***** PROVIDED INFORMATION *****

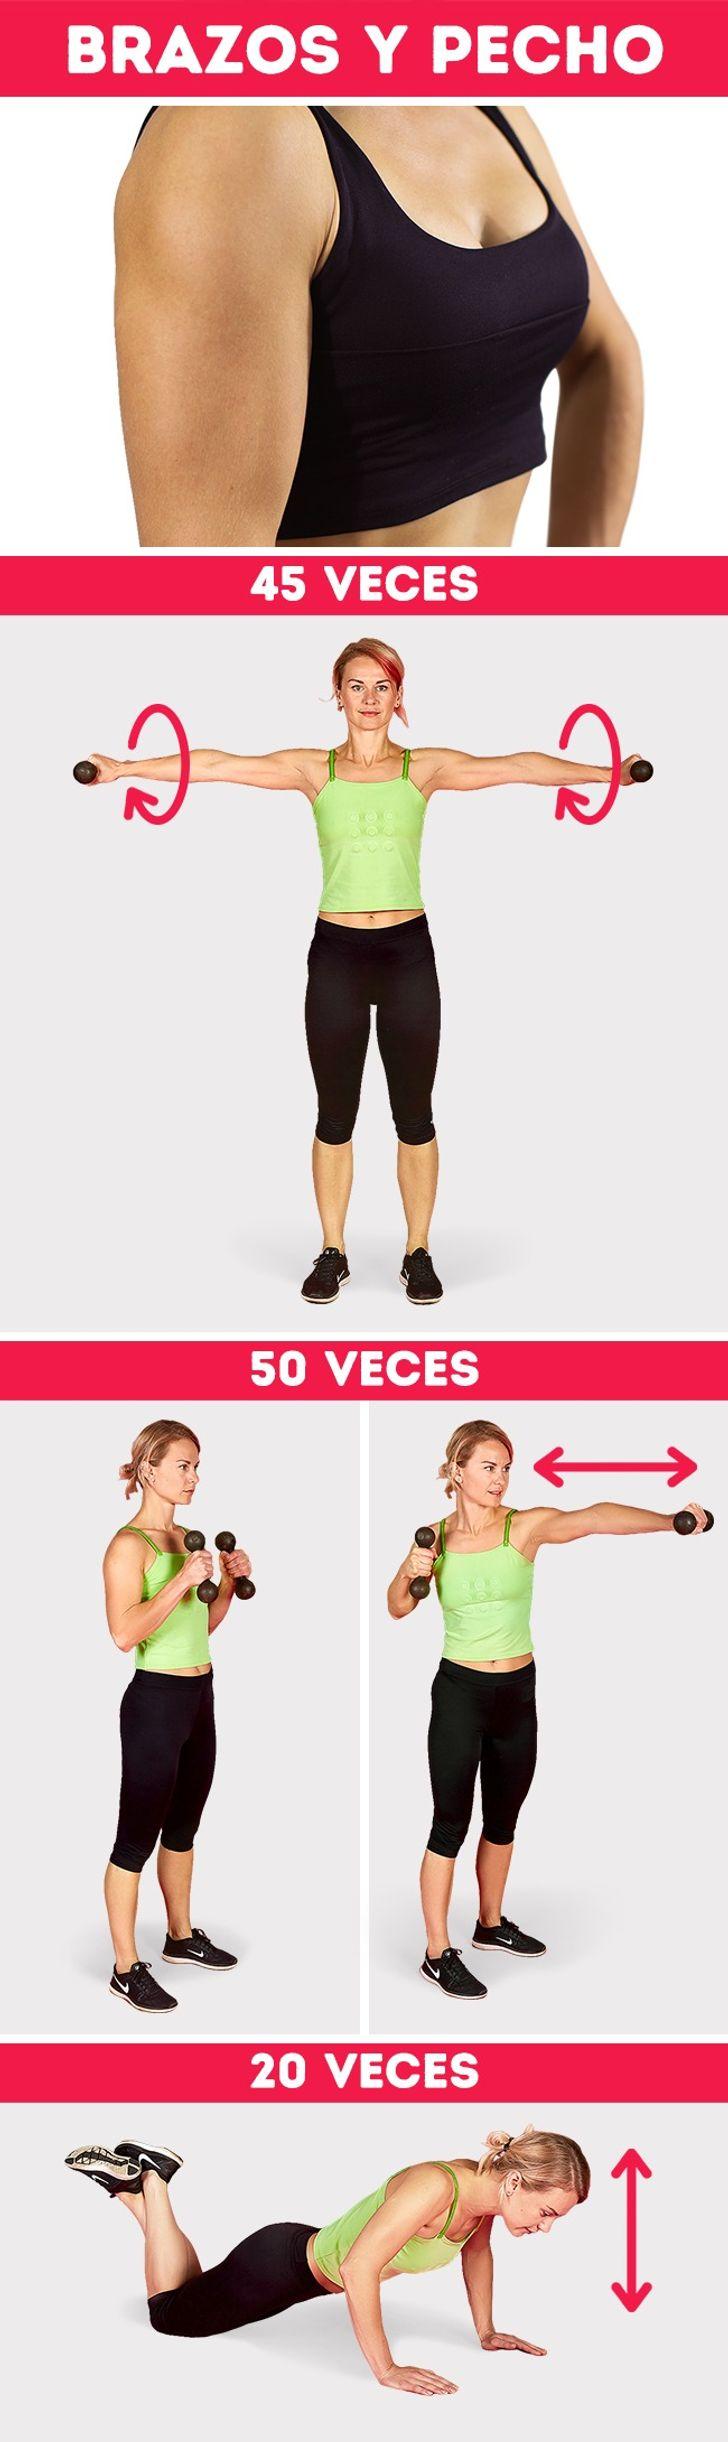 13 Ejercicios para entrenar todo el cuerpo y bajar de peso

*****
***** PROVIDED INFORMATION *****

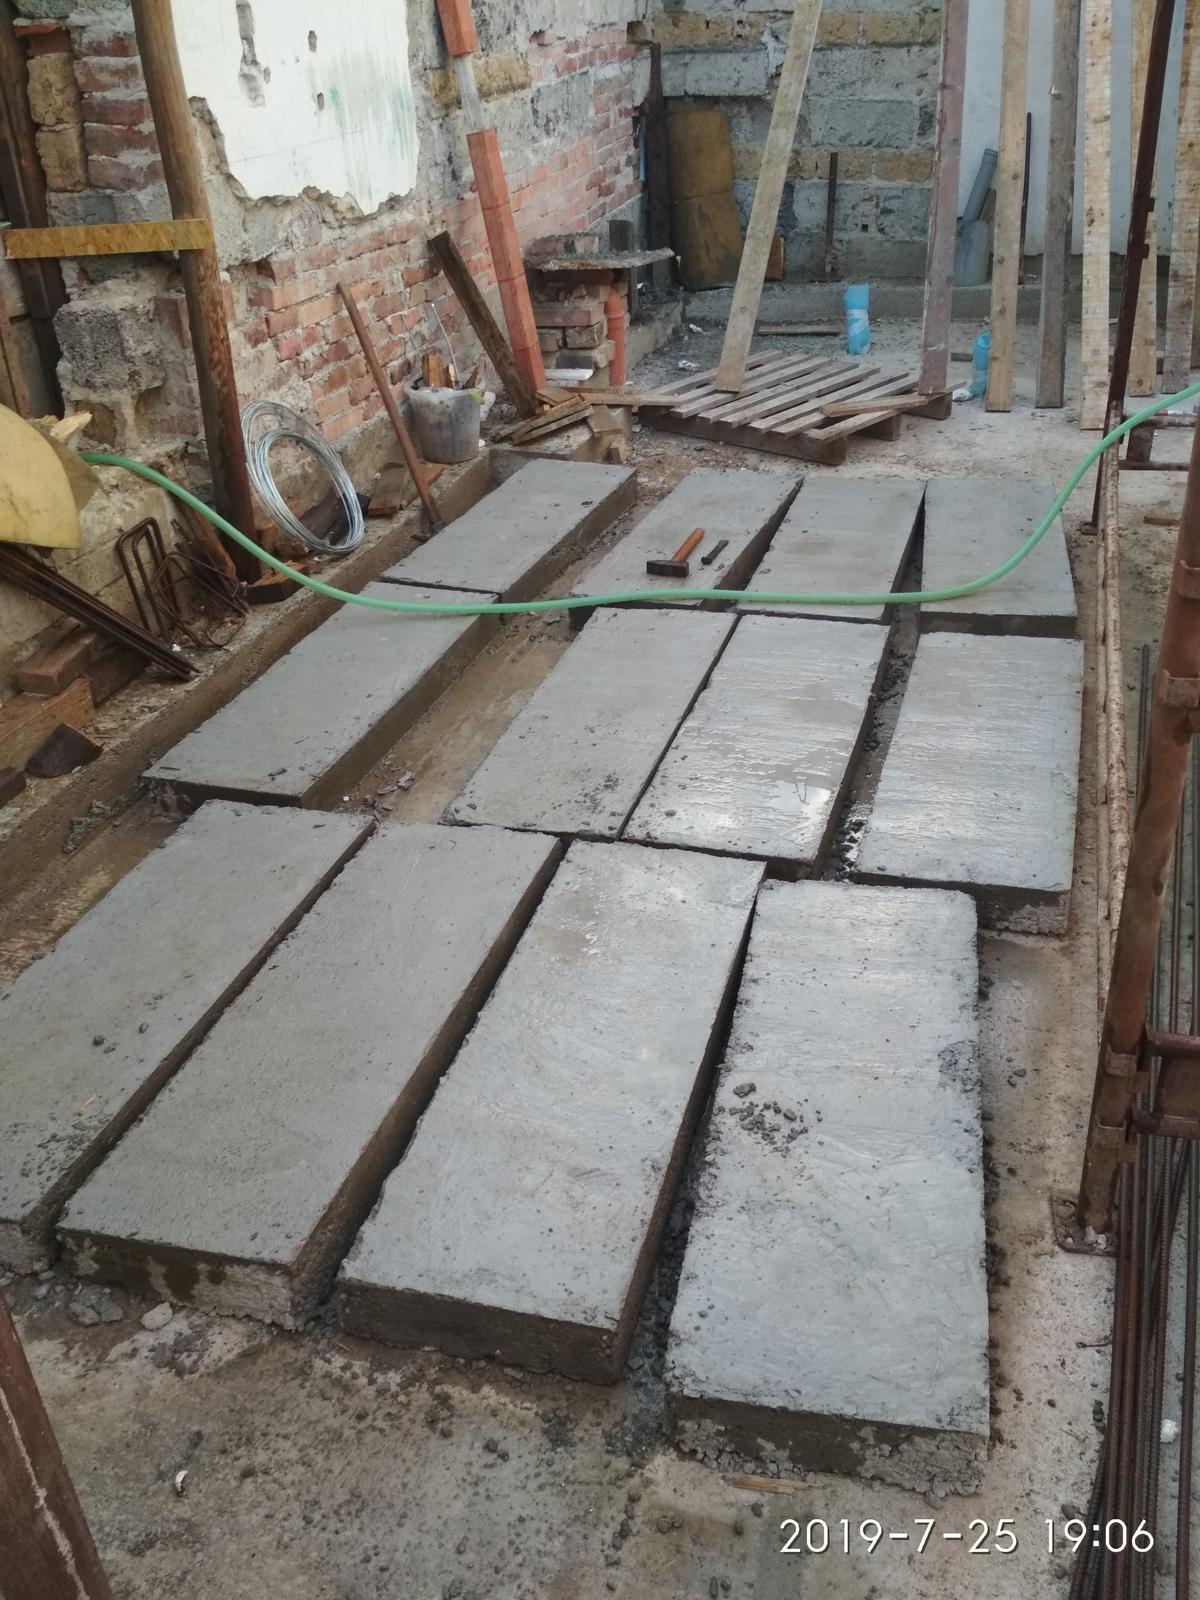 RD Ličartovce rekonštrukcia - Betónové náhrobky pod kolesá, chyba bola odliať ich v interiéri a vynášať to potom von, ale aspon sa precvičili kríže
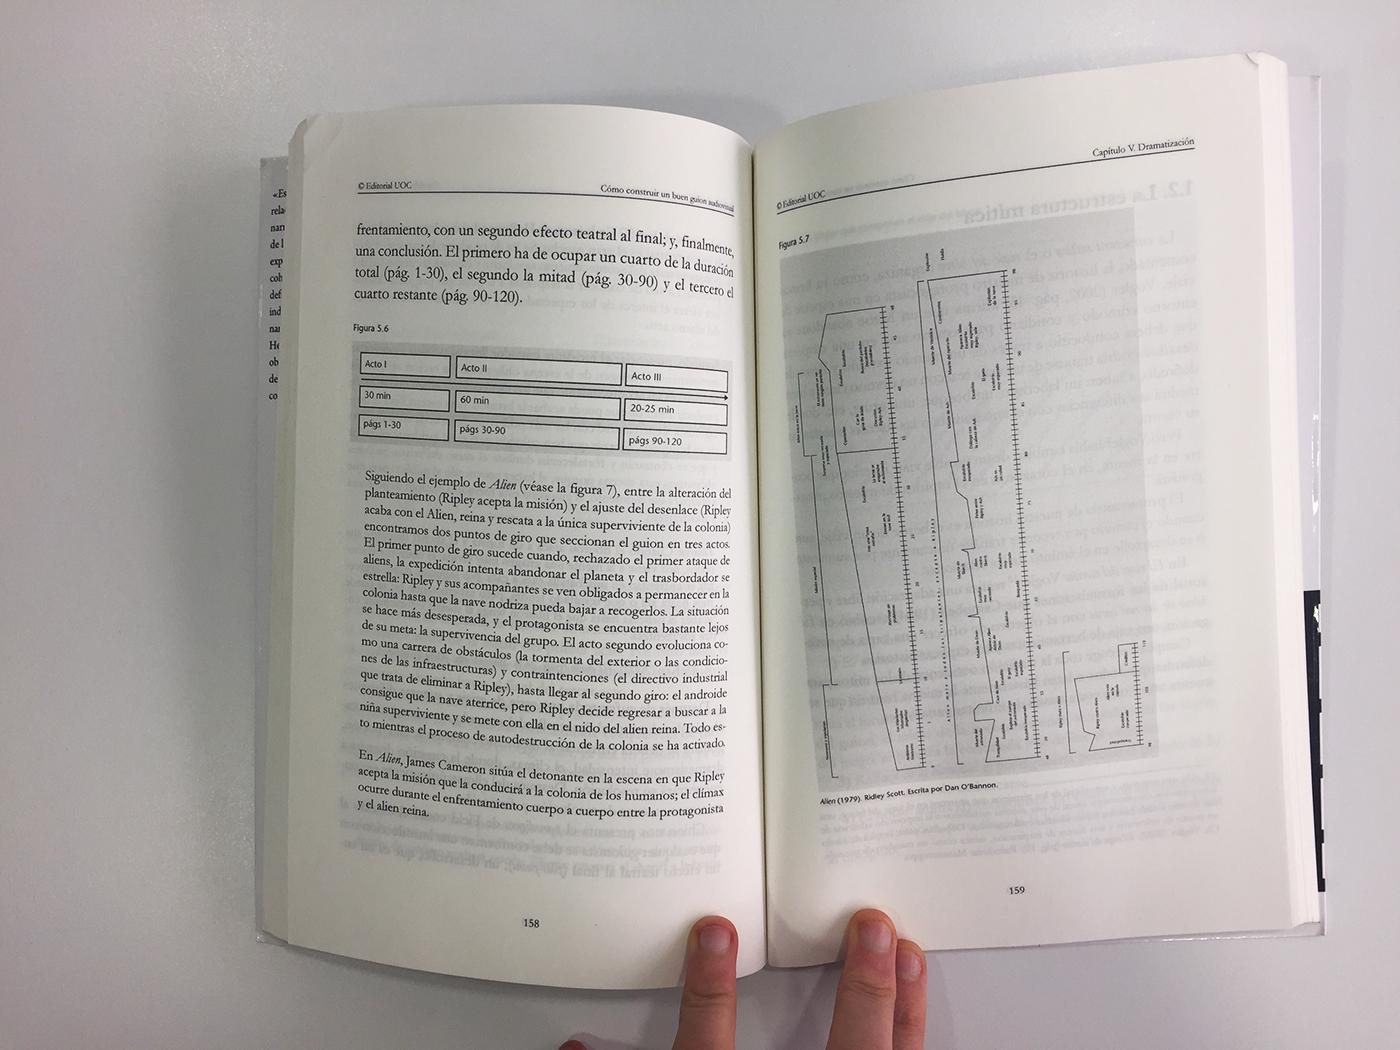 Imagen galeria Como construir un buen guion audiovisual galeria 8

*****

## WORK INSTRUCTIONS
For the data above, set down exactly the lines from the line with "RD Ličartovce rekonštrukcia" to the line with "Imagen galeria Como", both included, leaving pictures out.

## RESULT OF THE TASK
 RD Ličartovce rekonštrukcia - Betónové náhrobky pod kolesá, chyba bola odliať ich v interiéri a vynášať to potom von, ale aspon sa precvičili kríže
 Imagen galeria Como construir un buen guion audiovisual galeria 8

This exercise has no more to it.